4. The Writ Petition assails this order on several distinct grounds. In regard to the decision in Shrikant Shambu Volvoikar's case, and to which I will presently turn, it is submitted, in my view with some justification, that the decision was not appreciated correctly. One of the points for distinction is that the decision there was in respect of a right of possession and ownership of certain open agricultural fields that were never subject matter of the rent control legislation or covered by the jurisdictional exclusionary provisions of the Presidency Small Causes Court Act, 1882.

5. To appreciate the controversy, one must first accept, and I do not think this admits of the slightest debate, that under our Rent Control legislation, a landlord can recover possession of tenanted premises only in certain specified modes and no other. There must be a decree for possession or there must be a surrender of the tenancy. It is never open to a landlord to simply walk in and resume possession of tenanted premises.

6. While assessing this, one must also understand the historical background to the legislation.

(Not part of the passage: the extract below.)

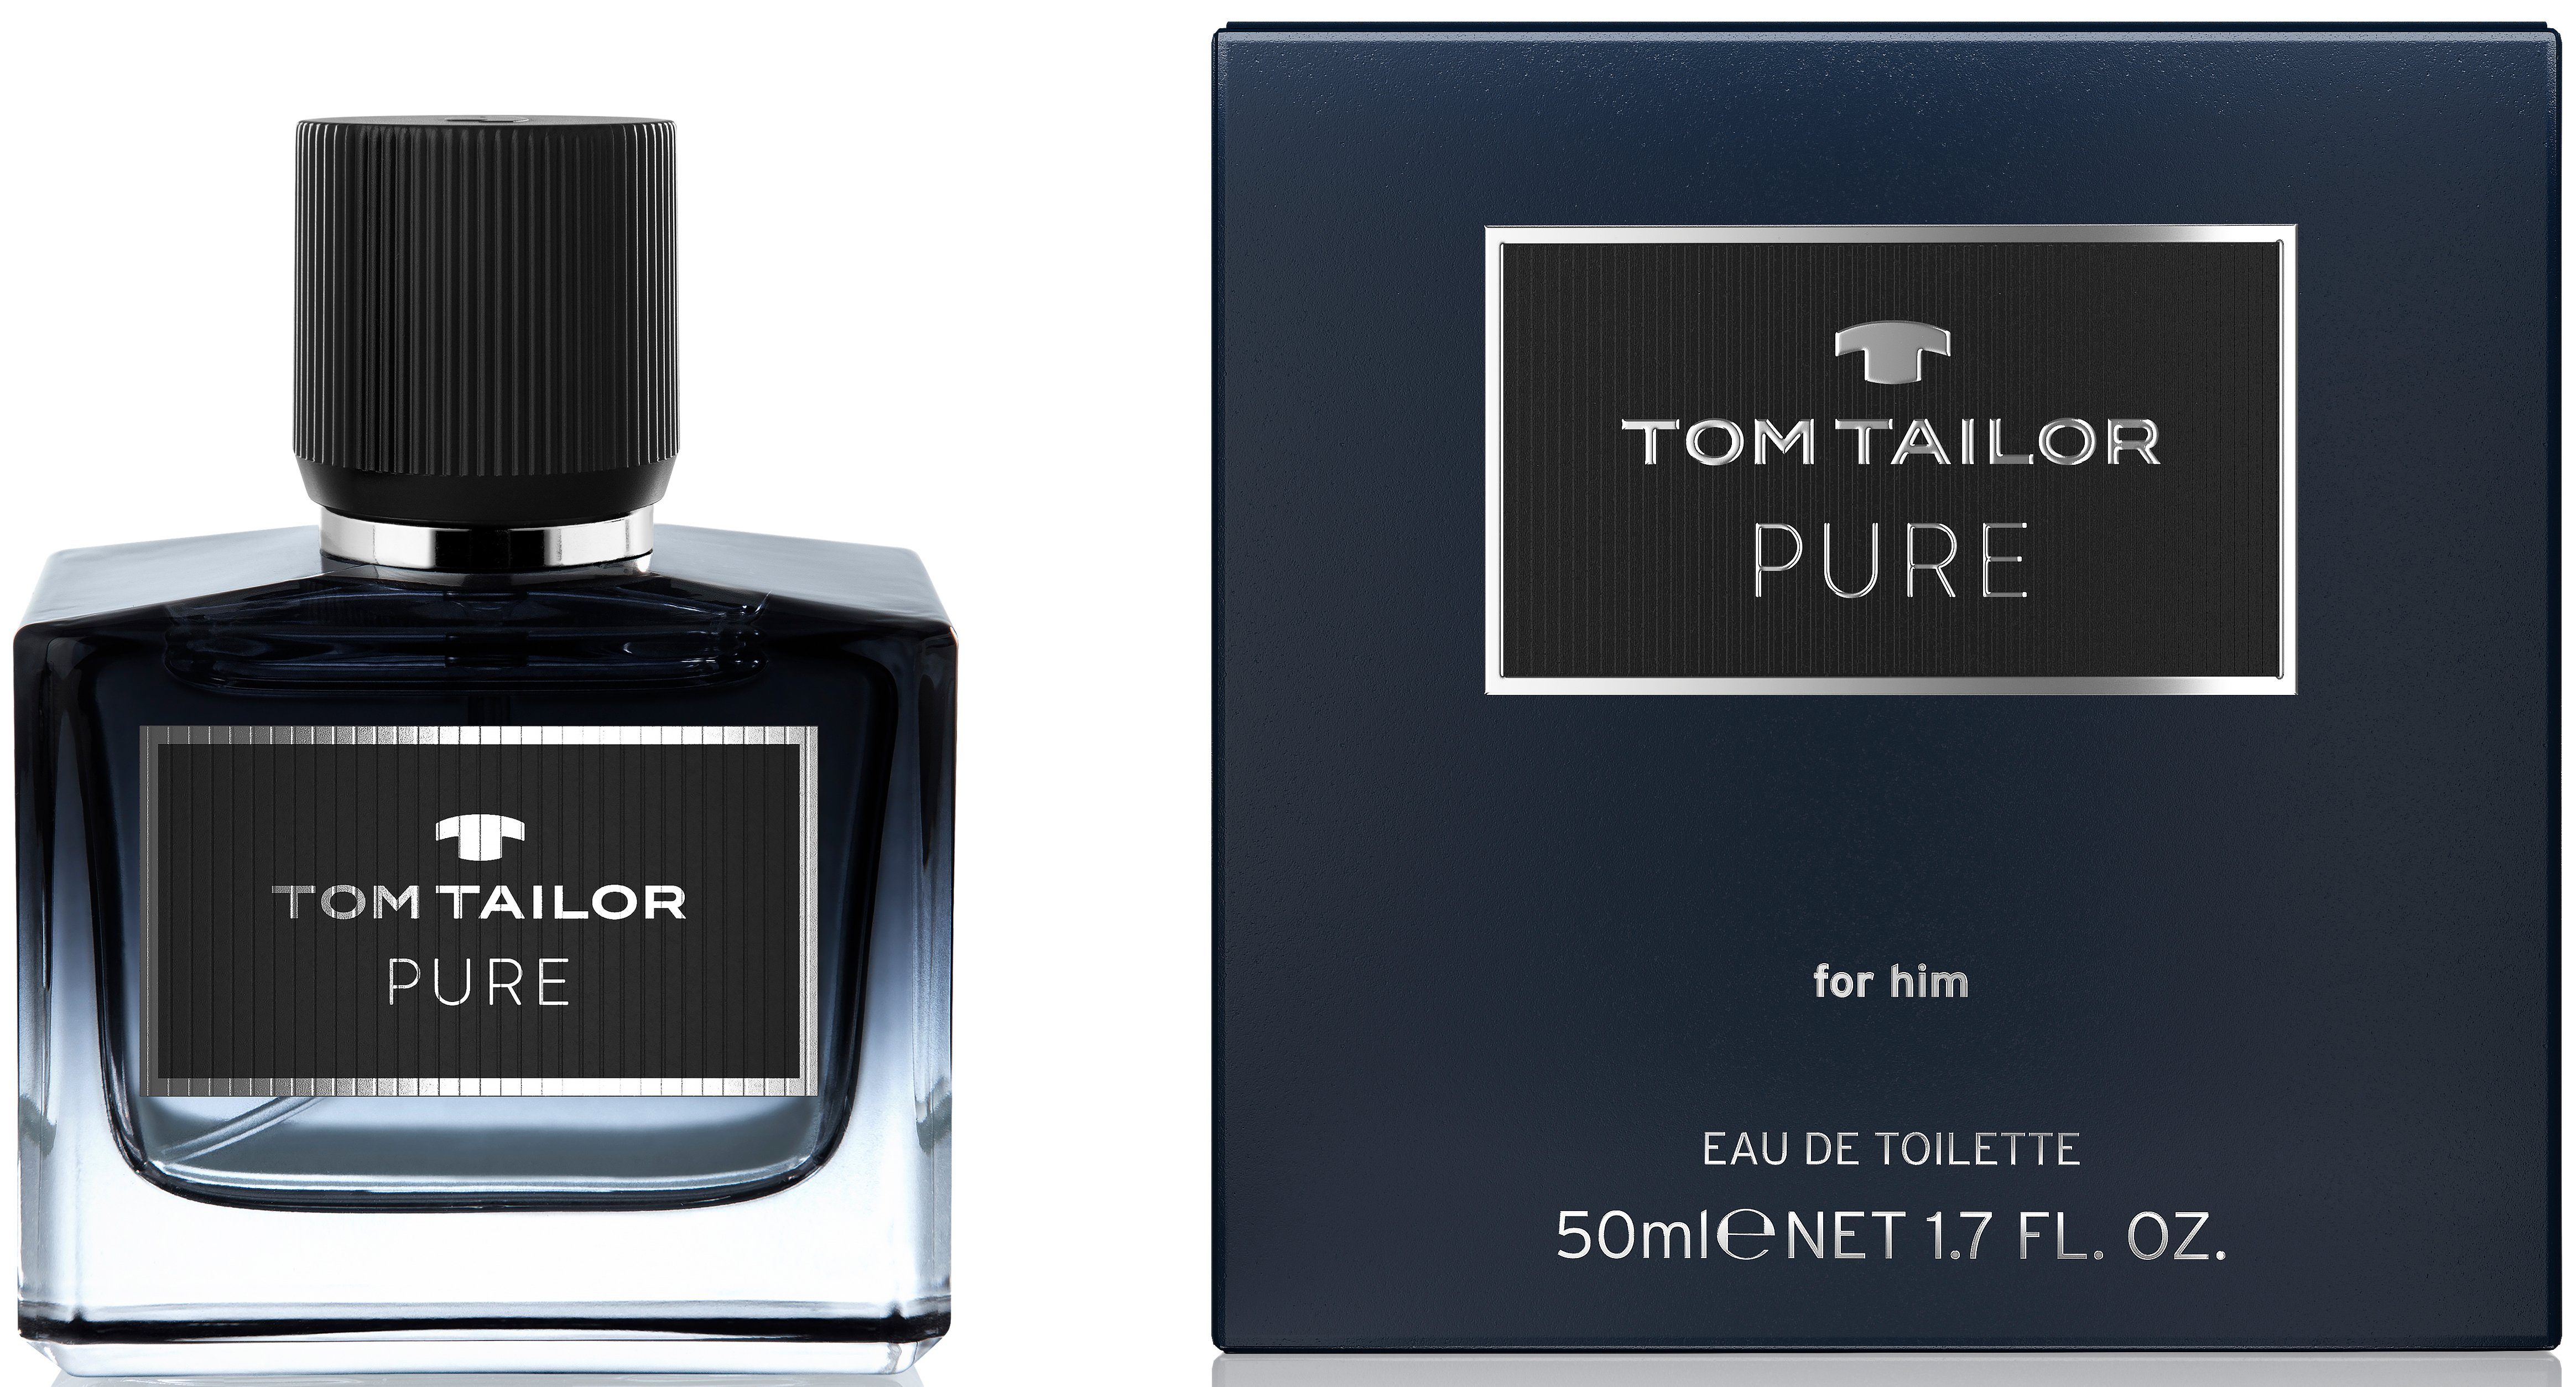 TOM TAILOR Eau de Toilette Pure for him

The original Bombay Rents, Hotel and House Rents Control Act of 1947 was a time-limited provision during World War II. It was meant at first to ensure that during the time of World War II and the hardships that then existed, there was no artificial shortage created of affordable accommodation. Building materials were of course expensive. Construction had slowed. The obvious purpose was to ensure the people were not put out on to the streets by property owners taking advantage of these shortages. The 1947 Act introduced tenant protection, including rent control, protection against eviction except for statutorily defined cause, and, importantly, introduced the concept of heritability. The protection to tenants continued for several decades thereafter and more or less became an entrenched right. There were periodic amendments, including important ones to the issue of heritability. The Act itself was challenged. Ultimately, the present Rent Control legislation was brought in 1999. What rent control legislation has done since the inception is to specify and set out the grounds on which a landlord may recover possession or, to put it differently, to set out the grounds on which, and the circumstances in which, a tenant protected by the rent control legislation runs the risk of losing possession. Obviously what the rent control legislation contemplates is that there has to be a lis brought before a Court of competent jurisdiction. In Mumbai, that is the Court of Small Causes. That lis between the landlord and tenant must relate to the tenancy premises, questions of rent and questions of recovery of possession of the tenanted premises. Rent control legislation also provides that tenancies are heritable (this is in the context of residential tenancies). There is a structured transmission and devolution of residential tenancy interest stipulated in the Rent Act. This proceeds not according to the law of succession but according to the Rent Control law. A residential tenancy can never be the subject of a testamentary bequest. The tenant's heirs at law (as specified in the succession law that applies to their heirship) will, when succession opens, succeed to the tenancy although exclusive priority is given to a member of the tenant's family residing with the tenant at the time of his or her demise.1

7. This graphically illustrates the present landlords' problem. If that tenancy goes down to the next generation, a landlord, especially one who is not a landlord-in-residence, one i.e. living in the same building, or a landlord which is a body such as a trust, may never actually know of the deceased tenant's heirs. This becomes necessary for the landlord in order to recognise the heirs to begin with, or for inheritance, and also to enable the landlord to recover possession on the limited grounds available to a landlord under the Rent Control legislation.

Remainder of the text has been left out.